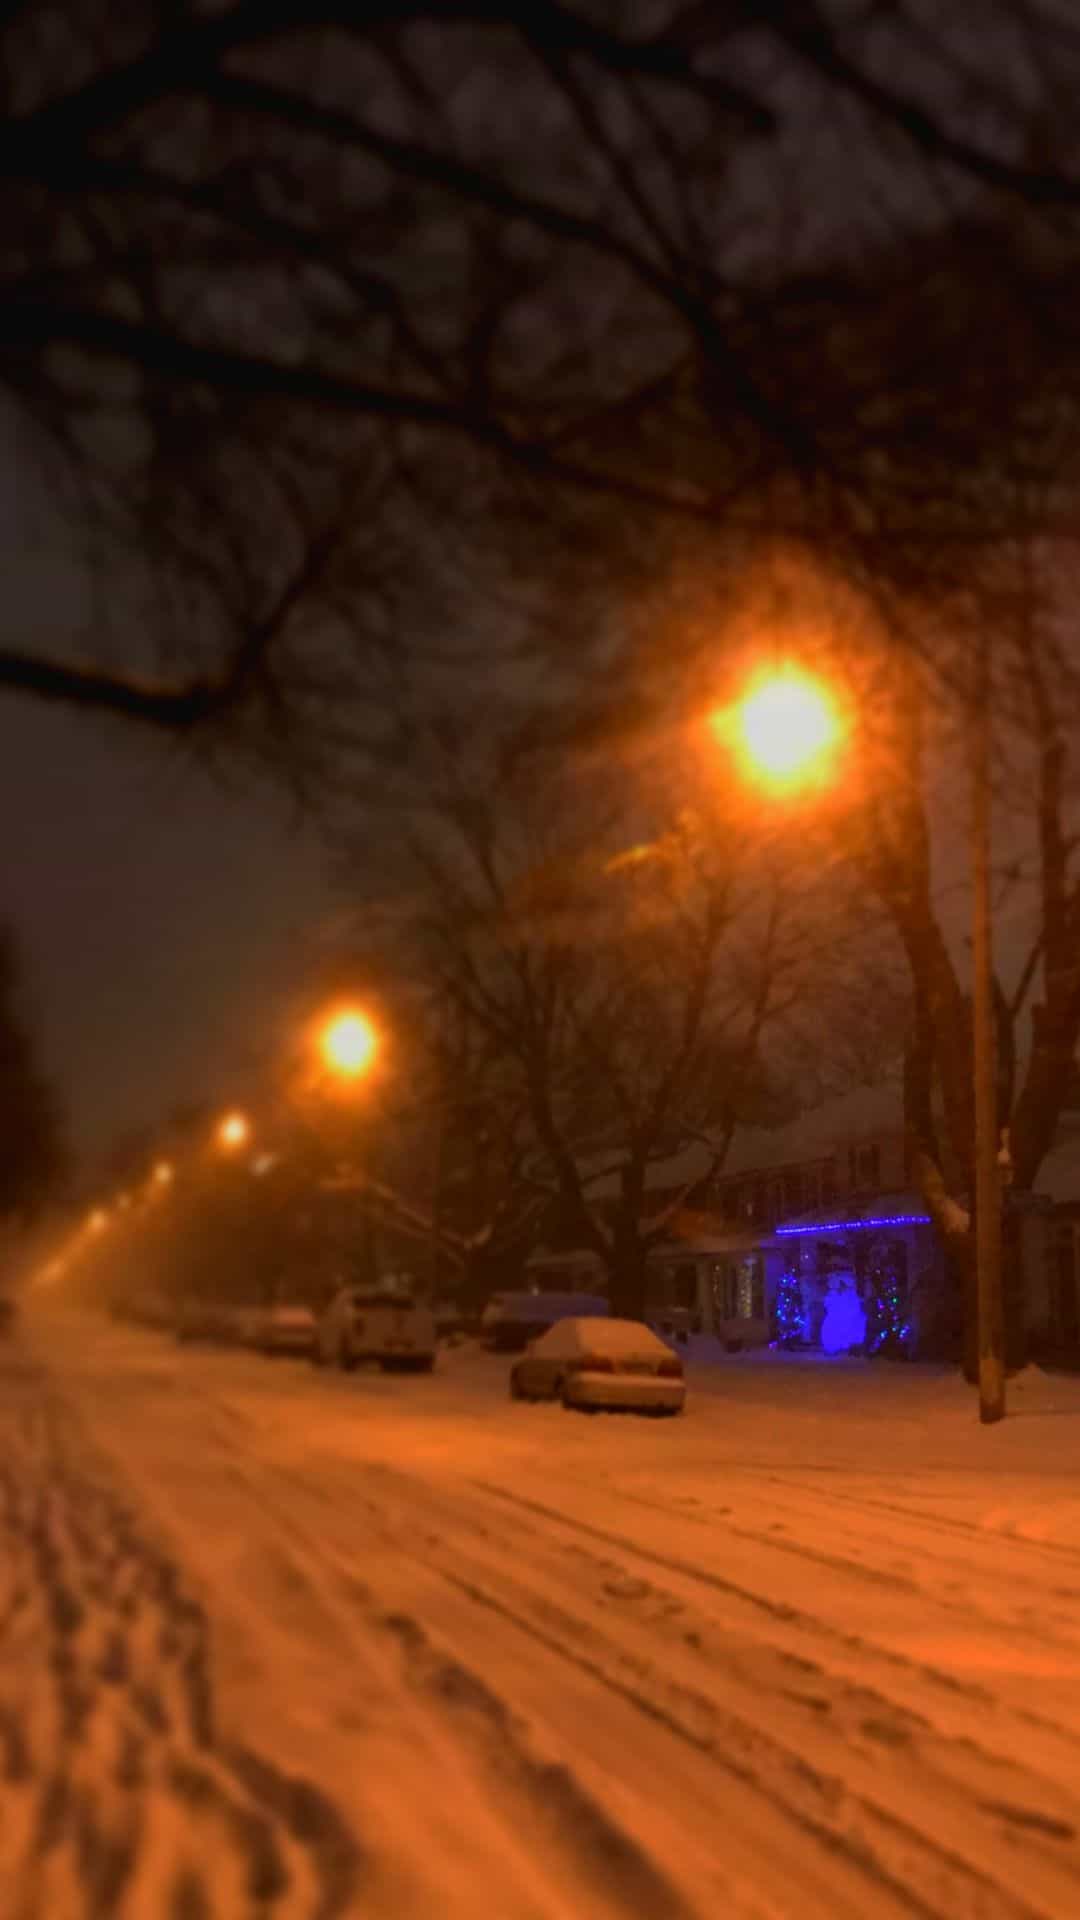 A street is covered in snow and has lights on - Christmas lights
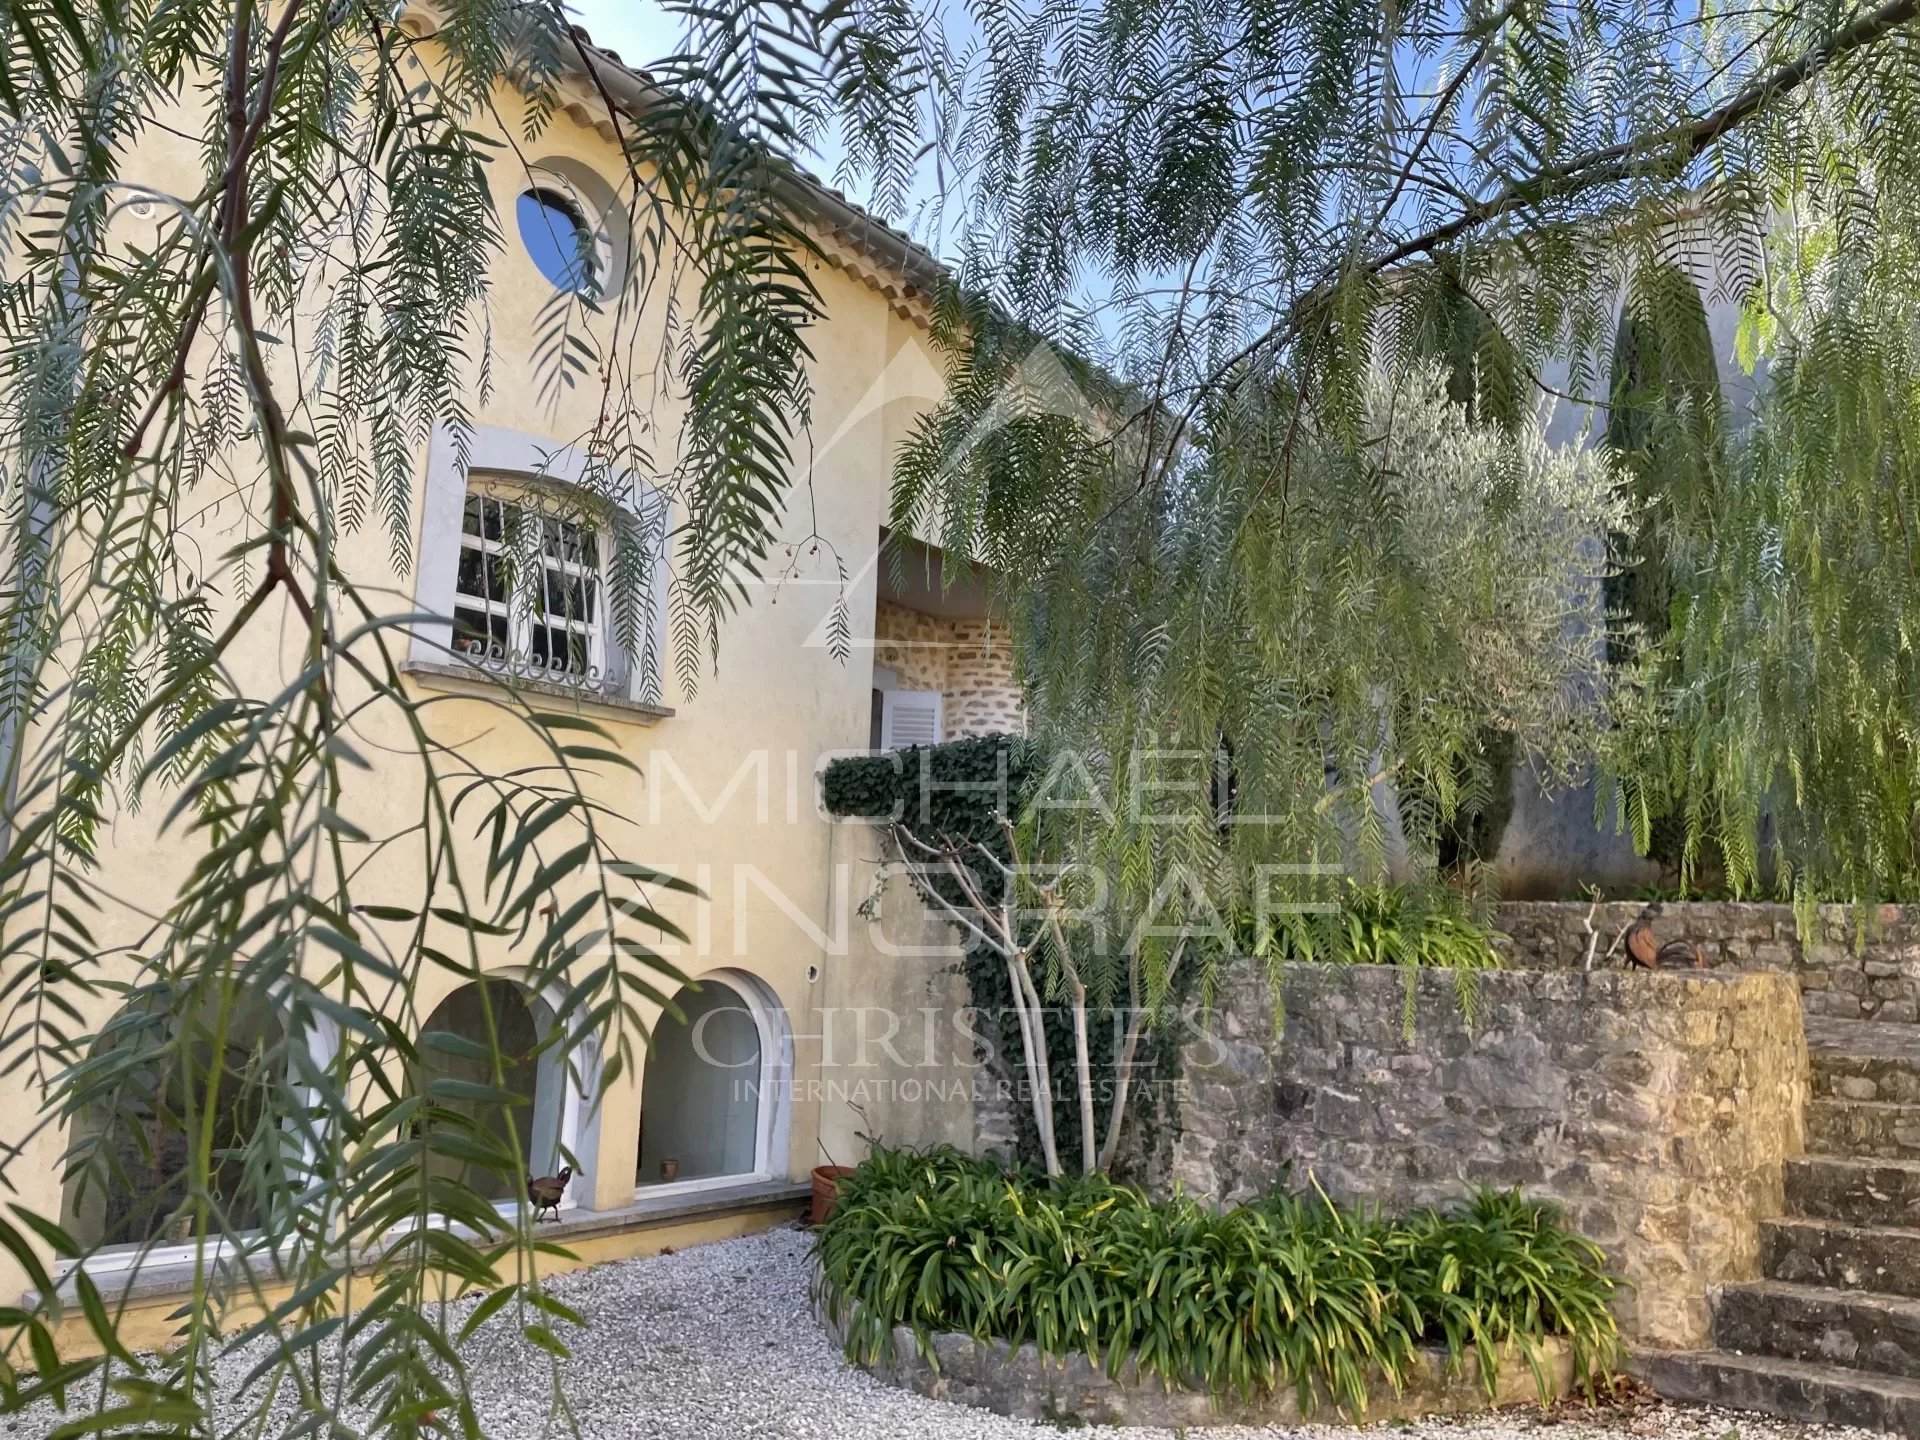 CHARMING BASTIDE IN THE HEART OF THE CÔTES DE PROVENCE AREA
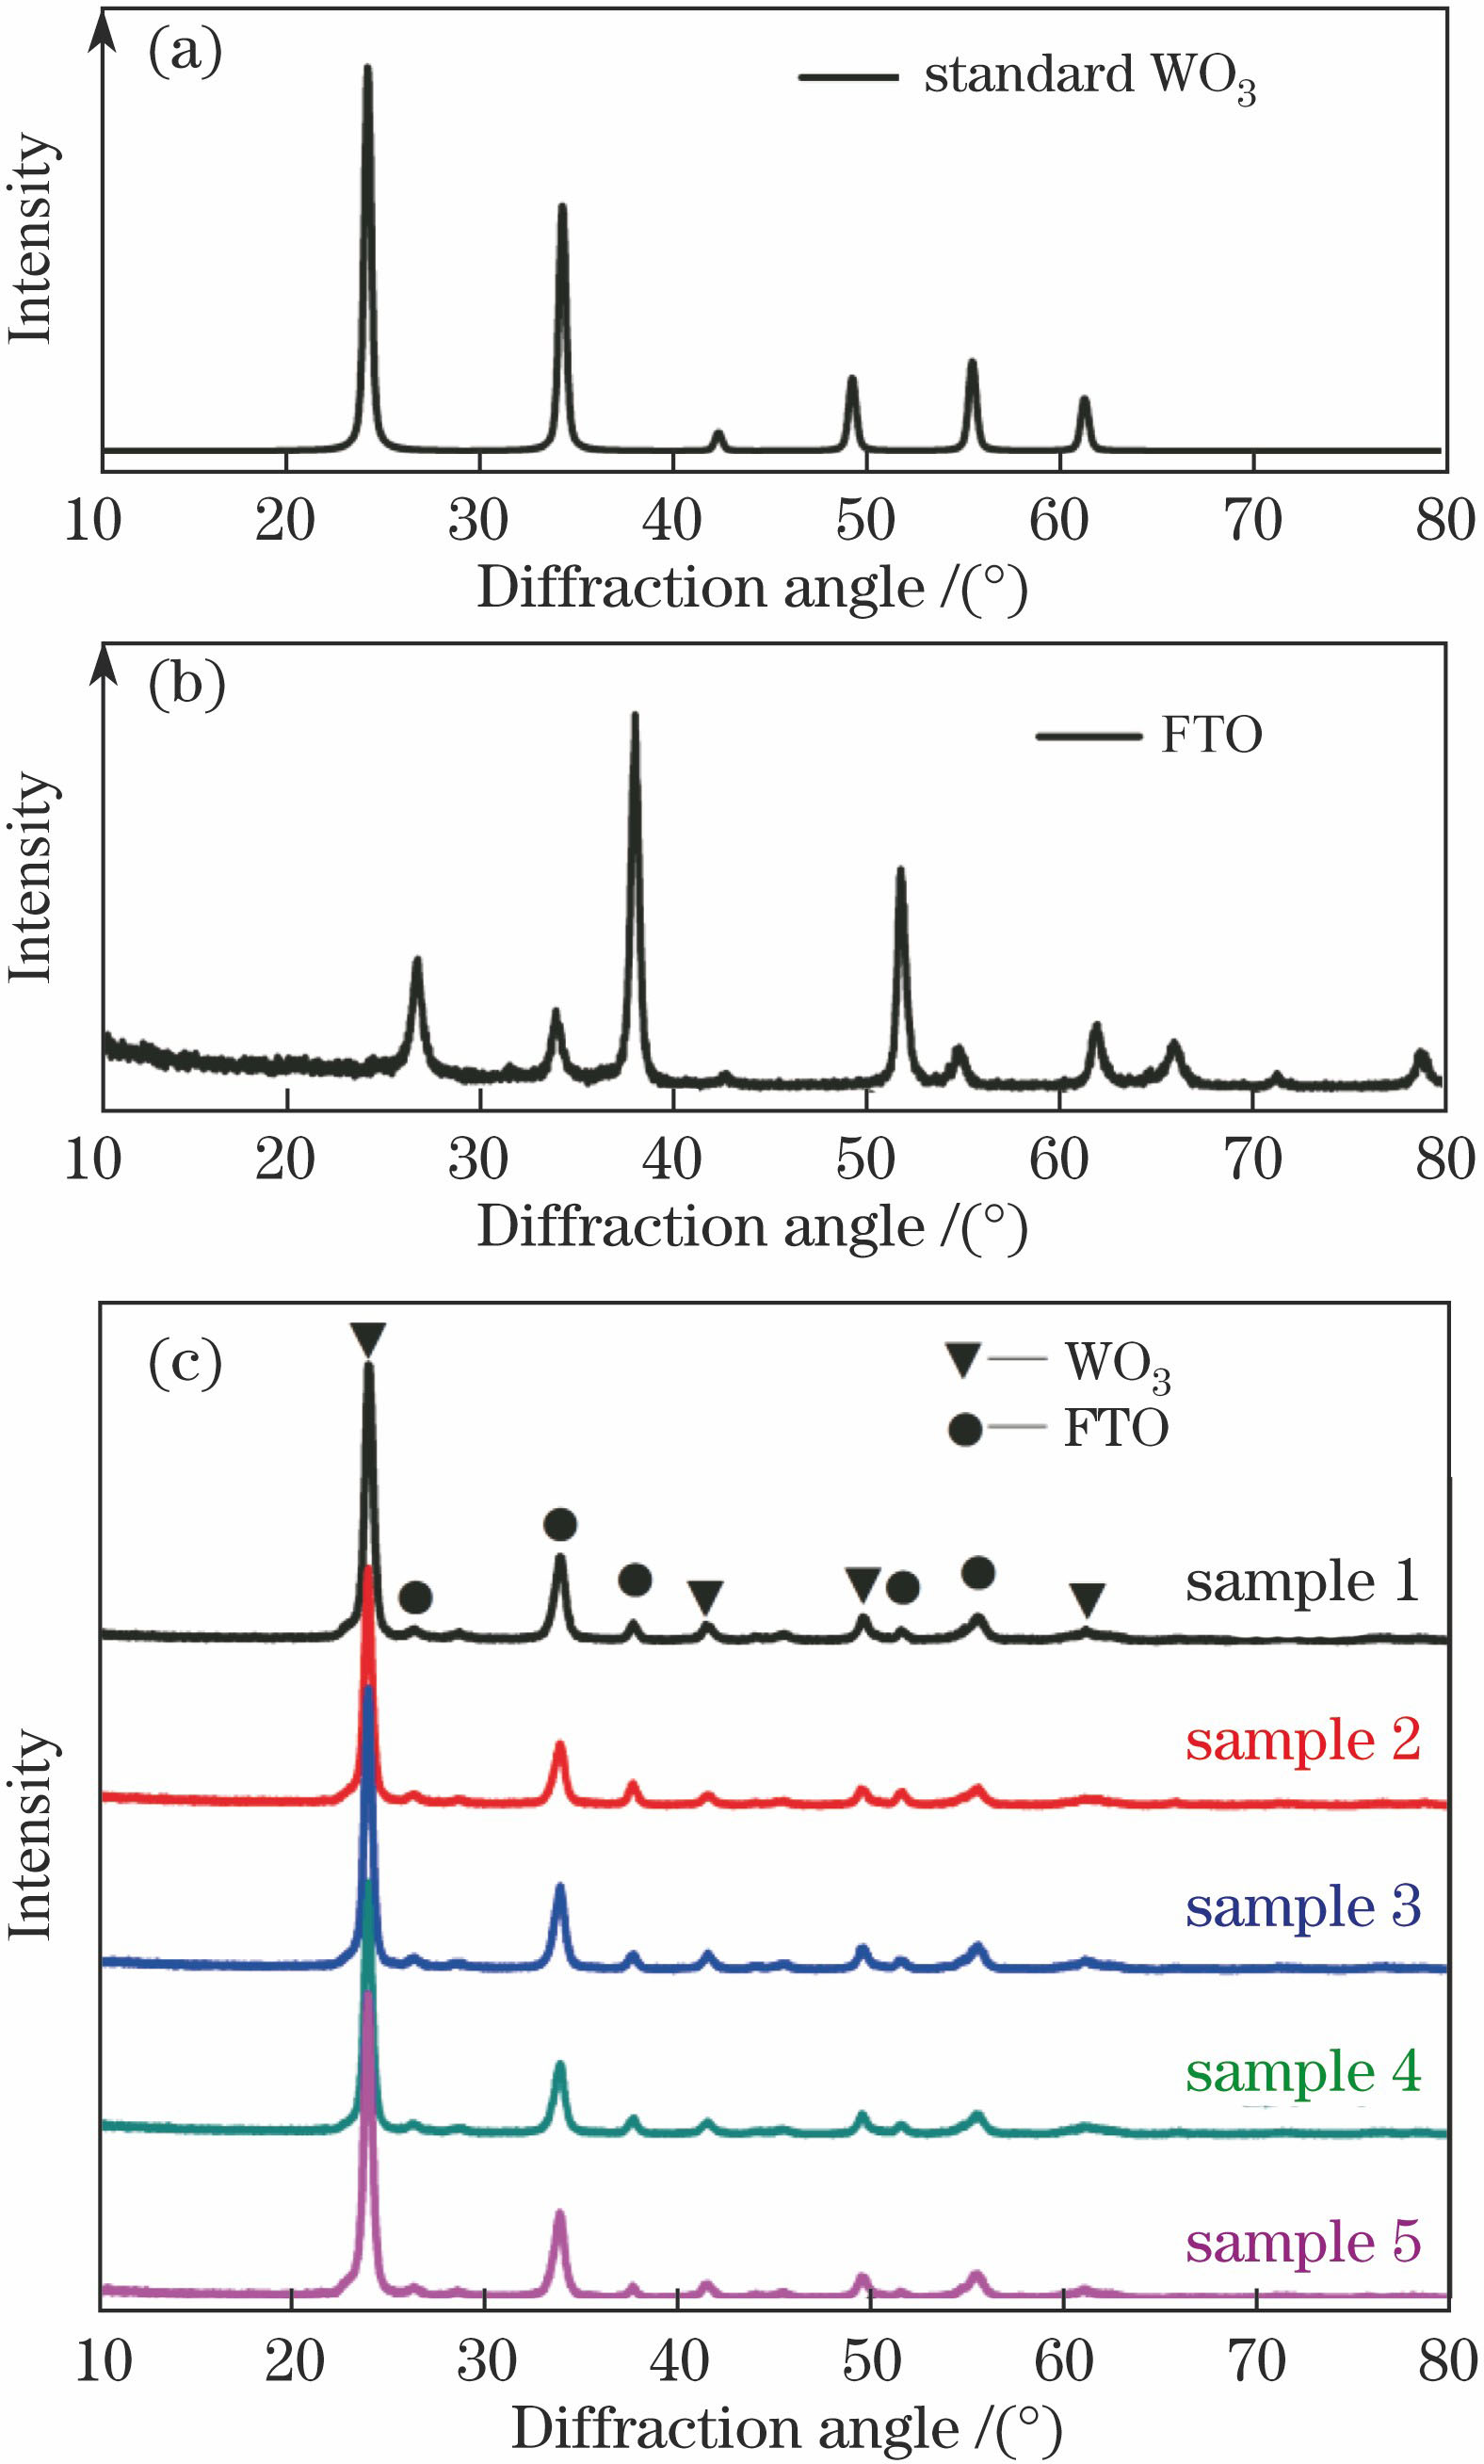 XRD patterns of (a) standard WO3, (b) FTO, and (c) WO3 films with different mixture ratios

_WHAT IS REQUIRED_:
Starting from the line that contains "CHARMING BASTIDE IN", transcribe exactly each line down to the final line of the material above, excluding every picture and adding nothing else.

_ANSWER TO THE PROBLEM_:
 CHARMING BASTIDE IN THE HEART OF THE CÔTES DE PROVENCE AREA
 XRD patterns of (a) standard WO3, (b) FTO, and (c) WO3 films with different mixture ratios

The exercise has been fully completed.